Low-cost, high throughput DNA and RNA sequencing (HTS) data is now the main workforce for various biological applications. HTS technologies have already started to impact a broad range of research and clinical use for the life sciences. These include but are not limited to, large-scale sequencing studies for population genomics and disease-causing mutation discovery, including cancer, metagenomics, comparative genomics, transcriptome profiling, and outbreak detection and tracking, including COVID-19, Ebola, and Zika. HTS also impacts the whole healthcare system in several directions. Although there is still much room for improvement, sequencing of personal genomes is now becoming a part of preventive and personalized medicine as HTS technologies make it possible to identify genetic mutations that enable rare disease diagnosis, determine cancer subtypes therefore guiding treatment options, and characterize infections and antibiotic resistance.
Currently, all biological data are analyzed using computation platforms that are general-purpose, i.e. they aim to solve a wide range of problems. This means that all current compute grids, servers, and cloud computing platforms are designed to be able to provide solutions for all “computable” problems with amortized efficiency. Analyzing massive amounts of biological data in large clusters and cloud platforms poses two problems. First, transferring the data from where it is generated (hospitals, clinics, or even small villages in the case of virus tracking) to these computer centers is both time and energy-consuming and requires a stable and fast internet connection. Second, these computer platforms themselves are energy-hungry, as the data moves between the processing unit and the memory on the same computer system, a considerable amount of energy is spent.

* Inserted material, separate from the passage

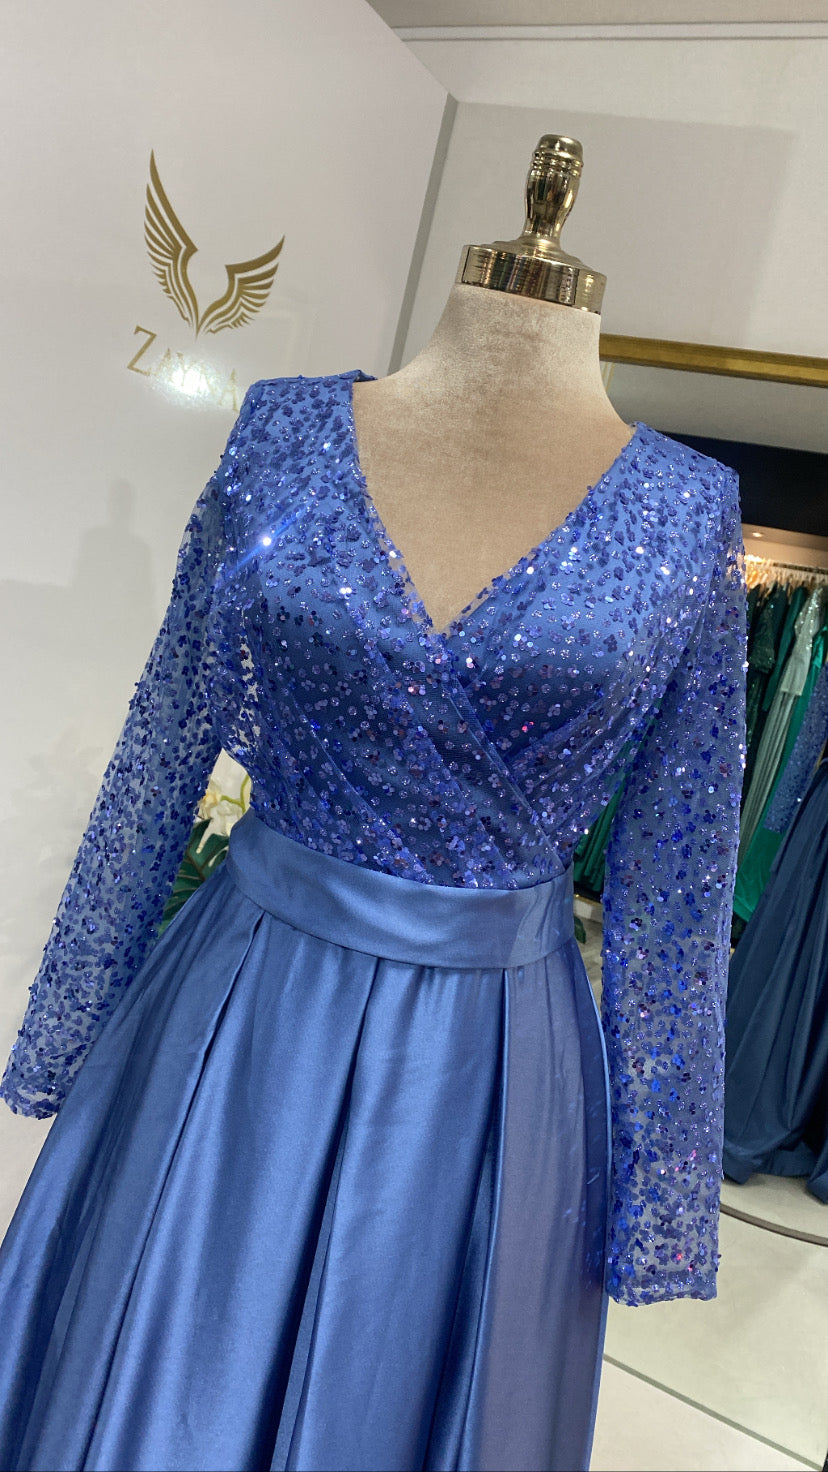 Elegant blue dress with sequins, shiny, satin

The BioPIM project aims to develop algorithms and specialized hardware together to improve the speed and cost of various bioinformatics analyses. The project focuses on two algorithm design techniques: combinatorial algorithms such as alignments, pattern matching, genome assembly, and other uses of graphs, as well as methods based on deep learning, machine learning, and AI such as genomic variation discovery. To achieve energy-efficient, cost-efficient, and ultra-fast bioinformatics analysis, the BioPIM project leverages the emerging processing-in-memory (PIM) architectures that couple processing capability with memory and storage devices, therefore minimizing time and energy spent in data transfer. We will also design our hardware to perform some of these analyses on mobile devices therefore enabling edge computing. BioPIM addresses the inability to perform genome analysis on the go to help in the timely investigation of clinical and research data, including viral and bacterial typing in remote locations with little or no access to conventional large-scale computing platforms.
BioPIM’s proposed research is flexible as it aims to develop PIM acceleration for various algorithms. Although the methods the project focuses on will be within the bioinformatics domain, most of these algorithms originated decades ago, and they are also being used for non-bioinformatics applications such as:
● String search and pattern matching (e.g. in natural language processing, data mining)
● Graph theory (e.g. data analytics, web indexing)
● General machine learning
● Specifically, neuromorphic computing (e.g. many applications of deep learning and artificial intelligence)
Additionally, most of our PIM developments will benefit data centers in terms of performance gain and energy efficiency; therefore, the project’s impact is expected to be far beyond our significant aims.